- Appointed: 8 September 2012
- Retired: 16 January 2016
- Predecessor: André Dupuy
- Successor: Luigi Pezzuto
- Other post: Titular Archbishop of Lettere
- Previous posts: Permanent Observer to the UN Food and Agriculture Organization (2011-2015); Apostolic Nuncio to Nicaragua (1995-2001); Apostolic Pro-Nuncio to Gambia, Guinea, and Liberia (1992-1995);

Orders
- Ordination: 15 August 1962
- Consecration: 26 April 1992 by Pope John Paul II, Franciszek Macharski, and Angelo Sodano

Personal details
- Born: September 6, 1939 (age 86) Brusciano, Naples, Italy

= Luigi Travaglino =

Italian prelate of the Catholic Church (born 1939)

Luigi Travaglino (born 6 September 1939) is an Italian prelate of the Catholic Church who has worked in the diplomatic service of the Holy See since 1970, as a nuncio and archbishop since 1992.

==Biography==
Luigi Travaglino was born on 6 September 1939 in Brusciano, Province of Naples, Italy.
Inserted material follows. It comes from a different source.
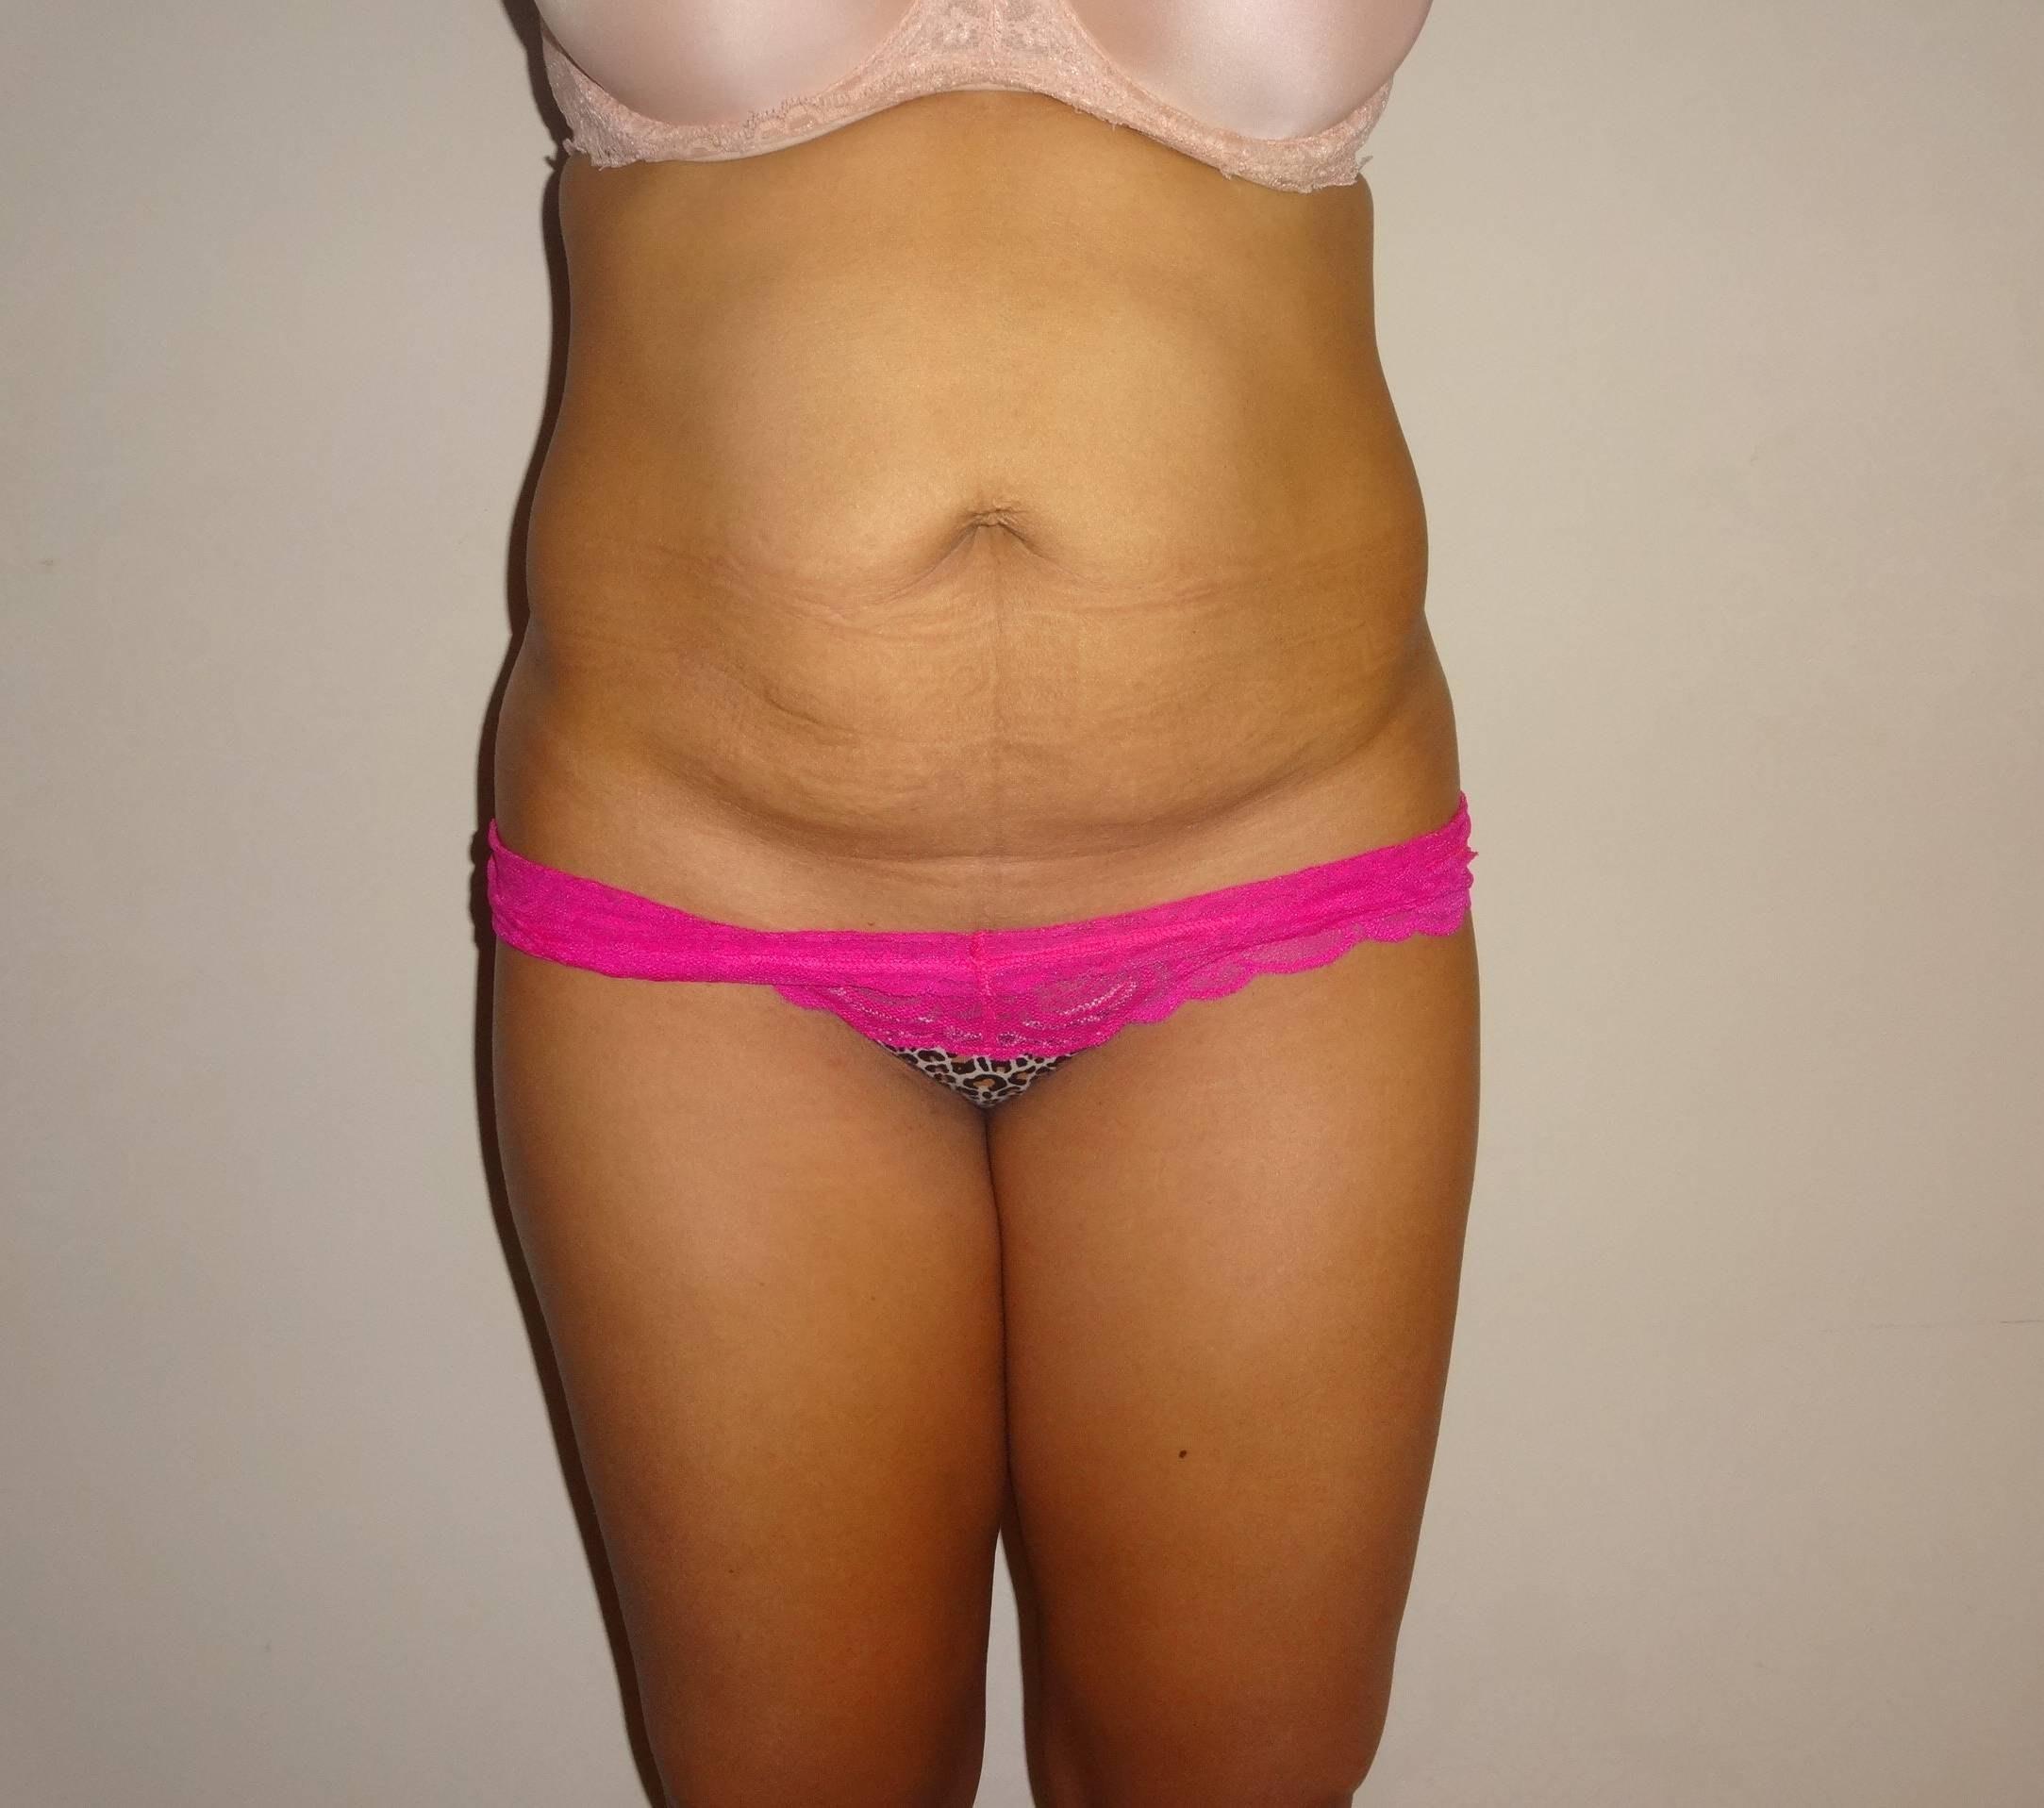 Tummy Tuck (Abdominoplasty) Gallery - Patient 4448805 - Image 1

He was ordained a priest on 15 August 1962 for the Diocese of Nola. He then obtained a doctorate in canon law.

==Diplomatic career==
He continued his studies at the Pontifical Ecclesiastical Academy and entered the diplomatic service of the Holy See in 1970. His postings included Bolivia, Ethiopia, Portugal, Scandinavia and Iceland, Zaire, San Salvador, the Netherlands, and Greece. In 1989, he returned to Rome to work in the General Section of the Secretariat of State.

Pope John Paul II named him titular archbishop of Lettere and Apostolic Delegate to Sierra Leone on 4 April 1992, adding the title Apostolic Pro-Nuncio to Guinea on 23 April, and Apostolic Pro-Nuncio to the Gambia and Liberia on 7 November.

He was consecrated a bishop on 26 April 1992 in St. Peter's Basilica by John Paul.

On 2 May 1995, Travaglino was appointed Apostolic Nuncio to Nicaragua. On 30 October 2001, Pope John Paul II transferred him to the Secretariat in Rome once again.

Pope Benedict XVI appointed him on 5 January 2011 the permanent observer of the Holy See to the UN Food and Agriculture Organization and International Fund for Agricultural Development and the World Food Programme and on 8 September 2012 added the title of Apostolic Nuncio to Monaco.

On 13 September 2014, Pope Francis made him a member of the Congregation for the Evangelization of Peoples.

His term as nuncio in Monaco ended on 16 January 2016 with the appointment of his successor.